MySpokeIsABroke said:


> Did you read your own info ?
> 
> From Boeing -
> 
> ...


http://www.quakewrap.com/frp papers/GalvanicCorrosionofCarbonandSteelinAggressiveEnvironments.pdf

_Galvanic Corrosion
The use of carbon-fiber composites with steel structures requires
a thorough understanding of the phenomenon of galvanic
corrosion. In theory, as long as two materials have not
contacted each other, a corrosion cell will not initiate. However,
in case of direct contact between carbon fibers and steel
in the presence of an electrolyte, the wet corrosion cell could
accelerate the corrosion of steel and create possible blistering
and subsequent delamination or debonding._

LOOK figured this out in 1988... That is why LOOK used a fiberglass barrier between the carbon and aluminum lugs


----------



## Nielly (Sep 21, 2009)

From Kontact's link under "materials selection"

"Fiber-reinforced plastics are corrosion resistant, but plastics reinforced with carbon fibers can induce galvanic corrosion in attached aluminum structure". 

Also under Galvanic coupling of materials. 
"Boeing groups materials into four categories (table 1) of differing galvanic properties.
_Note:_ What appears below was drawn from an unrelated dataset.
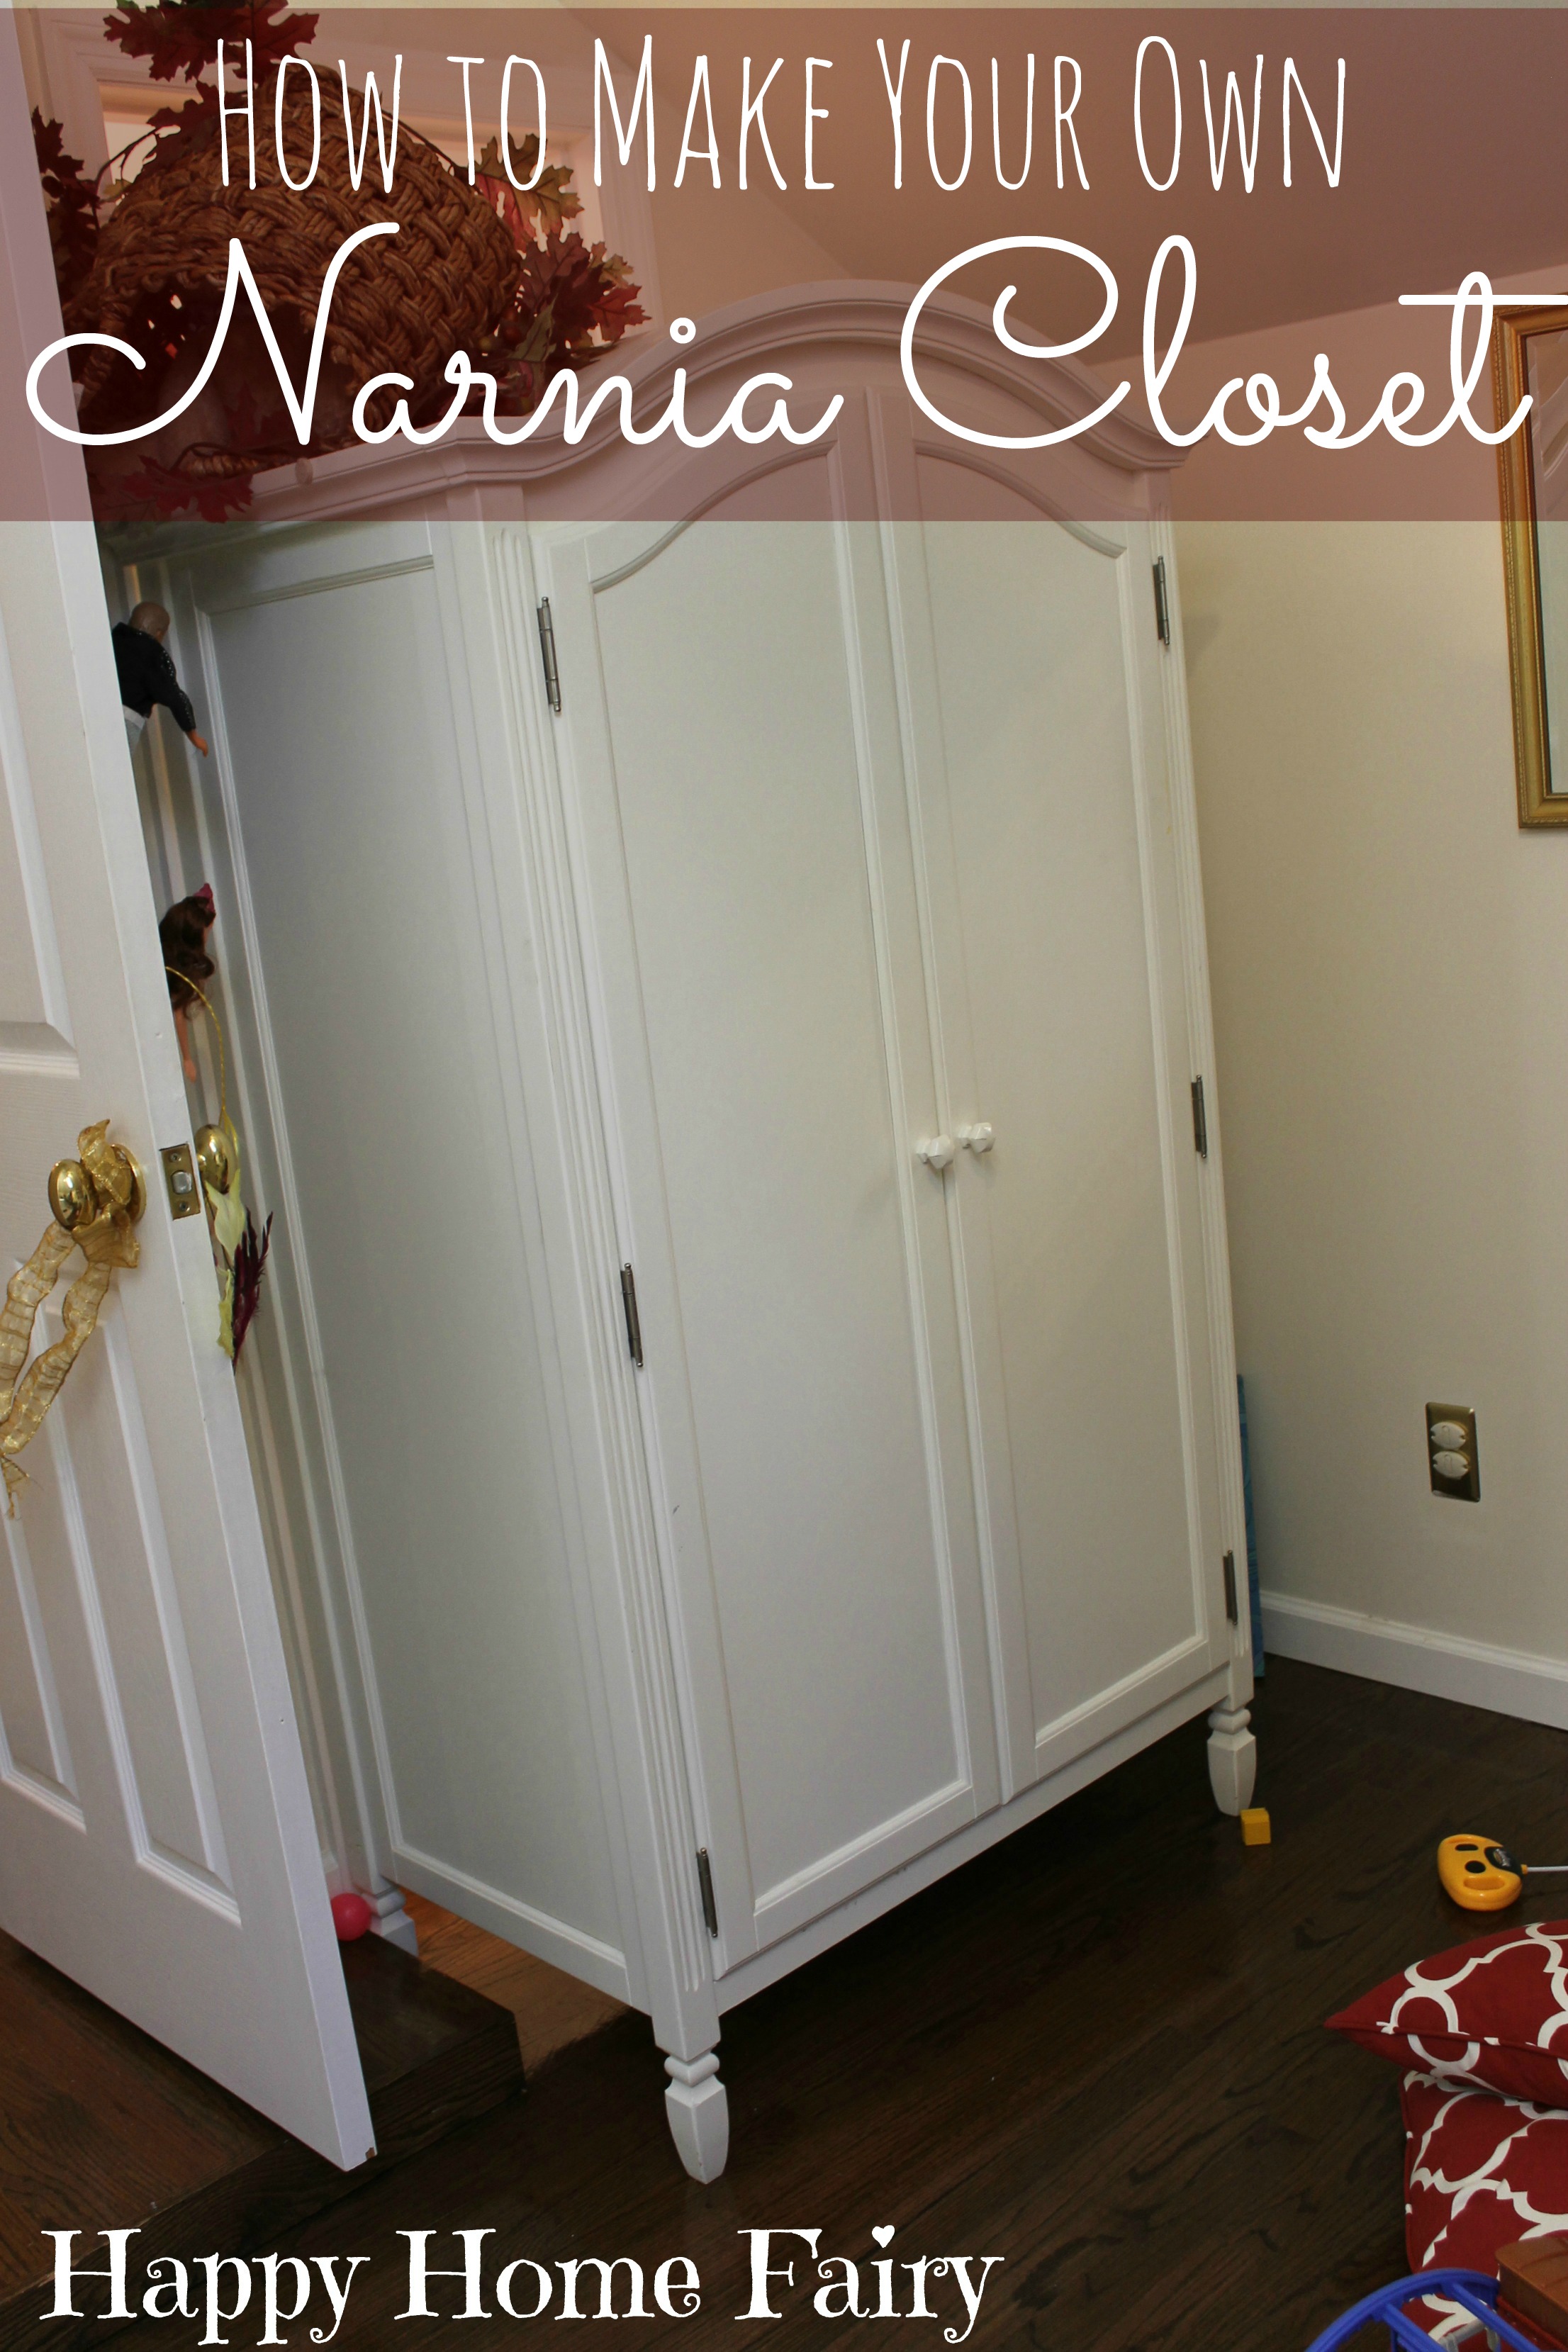 How to Make A Narnia Closet - Happy Home Fairy2212 x 3318

The objective is to avoid coupling materials from different groups unless required by economic and weight considerations. If dissimilar metal coupling is required, proper finishing and sealing techniques and guidelines are used to prevent corrosion. 

For example, graphite fibers, which are used to reinforce some plastic structure, present a particularly challenging galvanic corrosion combination. The fibers are good electrical conductors and they produce a large galvanic potential with the aluminum alloys used in airplane structure. The only practical, effective method of preventing corrosion is to keep moisture from simultaneously contacting aluminum structure and carbon fibers by finishing, sealing, using durable isolating materials such as fiberglass, and providing drainage. Figure 14 shows the 777 carbon fiber-reinforced plastic (CFRP) floor beam design and corrosion-protection methods. An aluminum splice channel is used to avoid attaching the floor beam directly to the primary structural frame". 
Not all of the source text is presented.